** Task input follows **

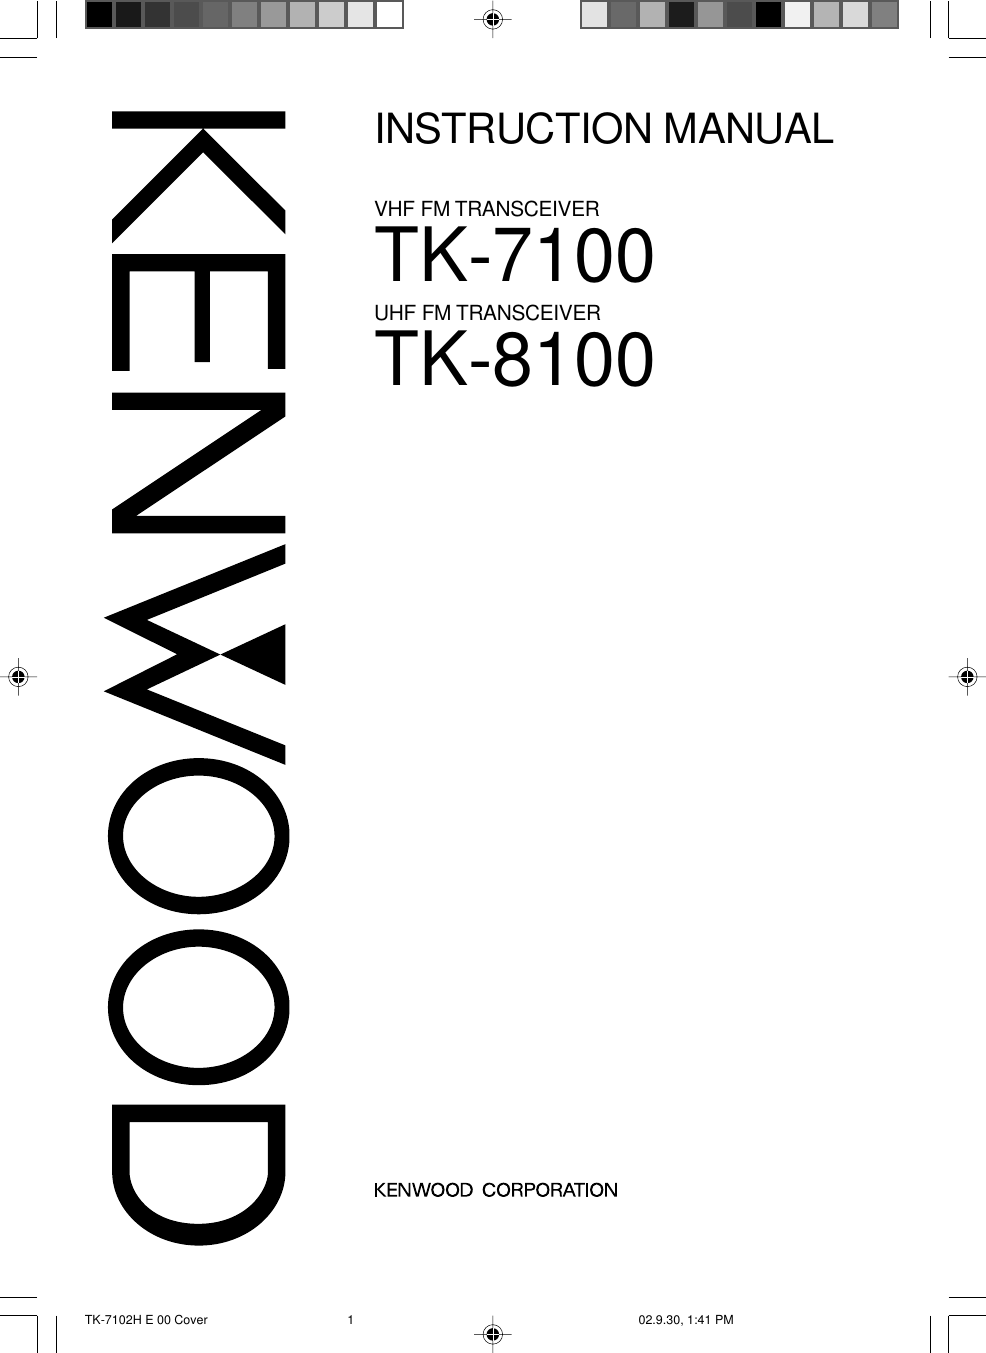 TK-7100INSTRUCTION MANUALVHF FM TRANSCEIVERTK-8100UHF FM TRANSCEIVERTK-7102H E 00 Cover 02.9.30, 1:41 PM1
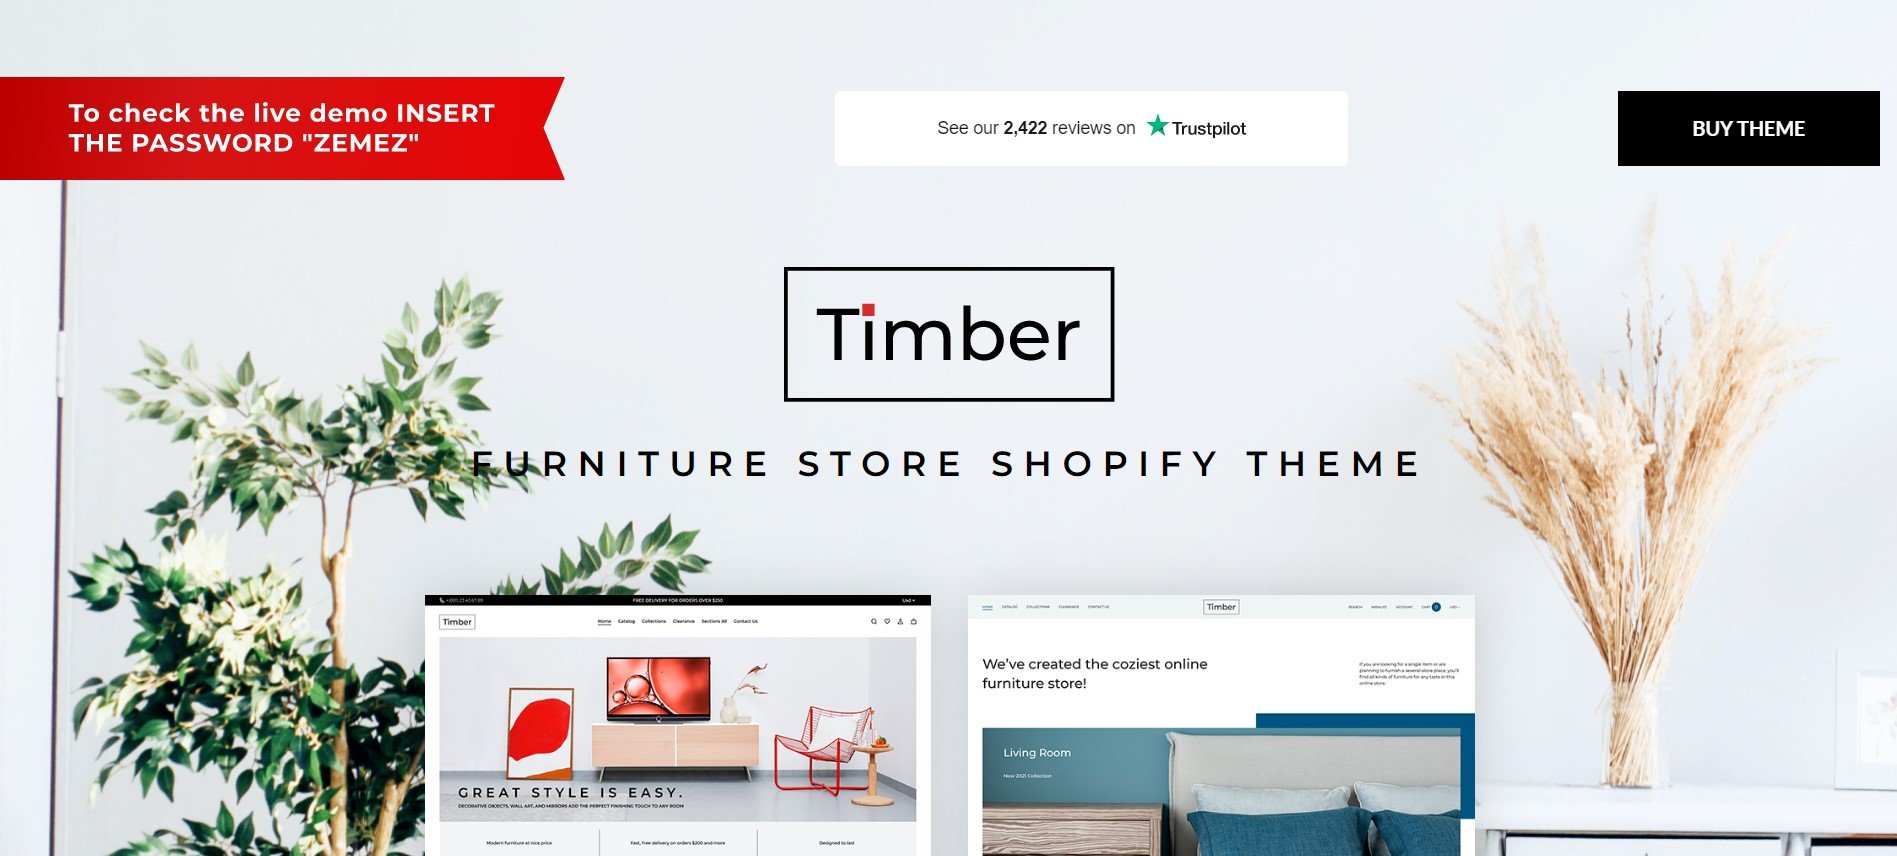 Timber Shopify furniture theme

** End of Task input **
** Task input follows **

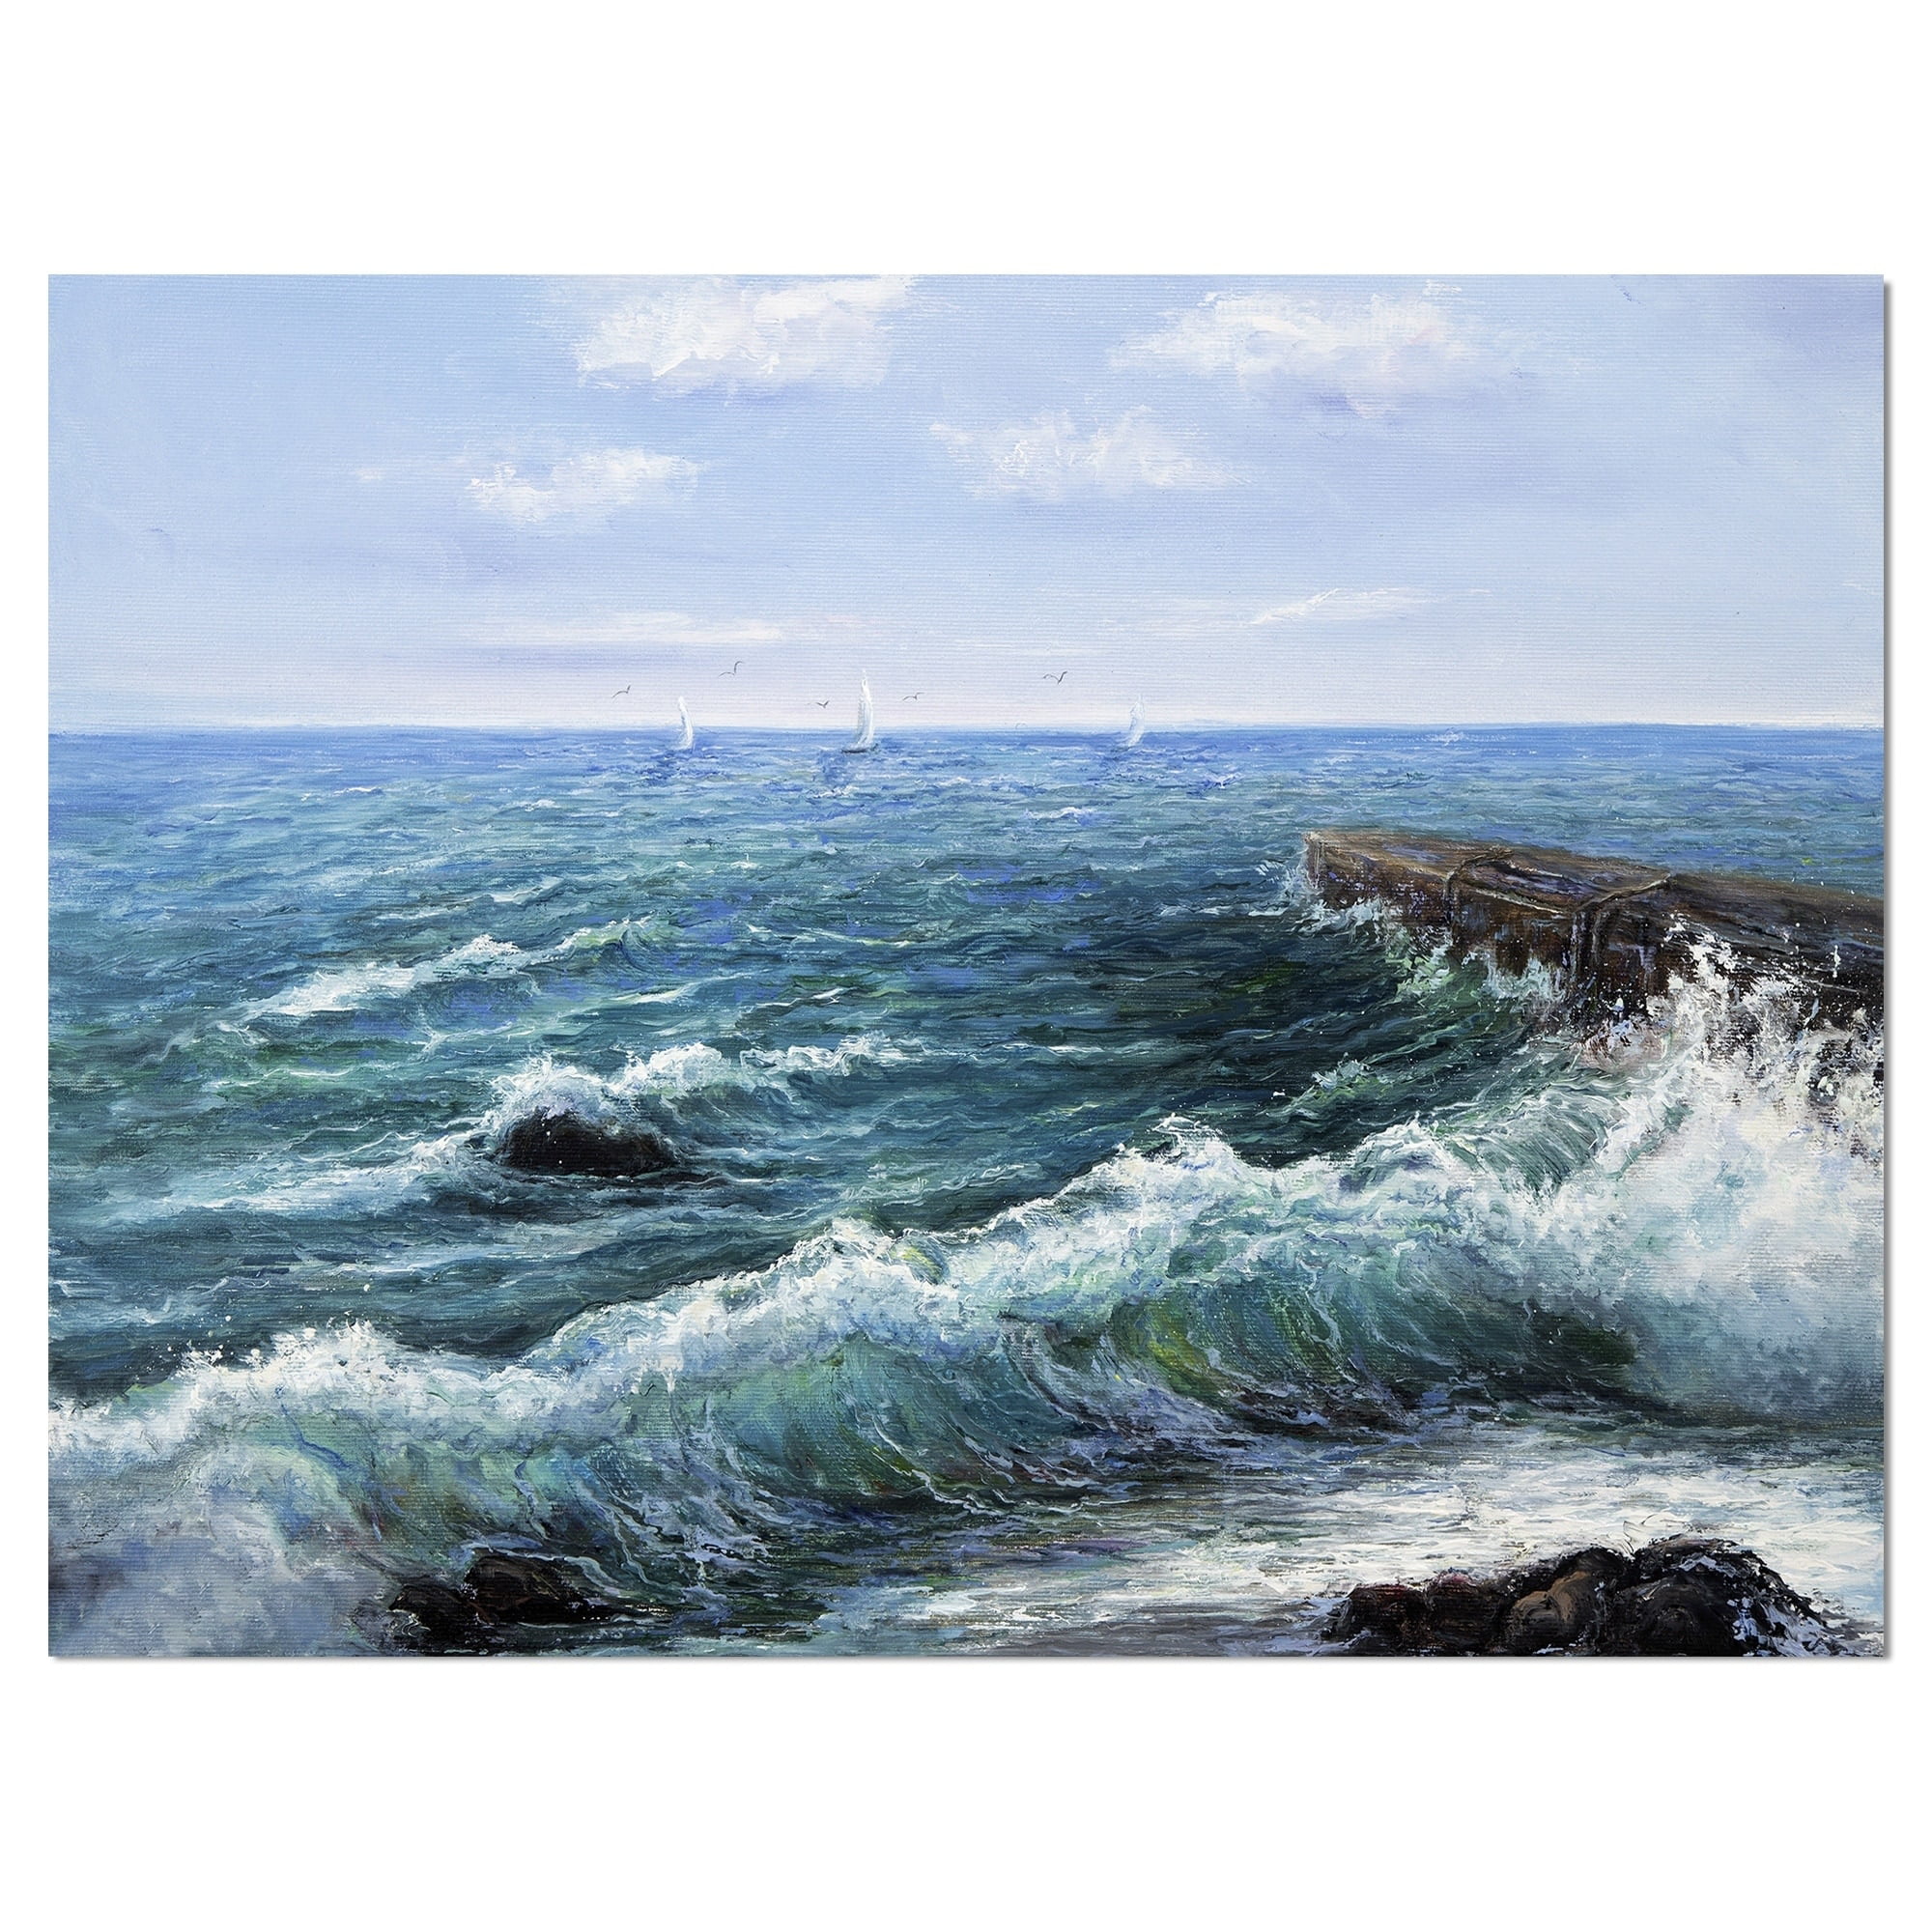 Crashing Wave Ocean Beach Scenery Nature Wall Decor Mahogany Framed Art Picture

** End of Task input **

* **Exercise instructions**: Repeat the lines above exactly, beginning with the one containing "TK-7100INSTRUCTION MANUALVHF FM" and finishing with the one containing "Timber Shopify furniture theme". No pictures belong in the copy.

* **Response**:
 TK-7100INSTRUCTION MANUALVHF FM TRANSCEIVERTK-8100UHF FM TRANSCEIVERTK-7102H E 00 Cover 02.9.30, 1:41 PM1
 Timber Shopify furniture theme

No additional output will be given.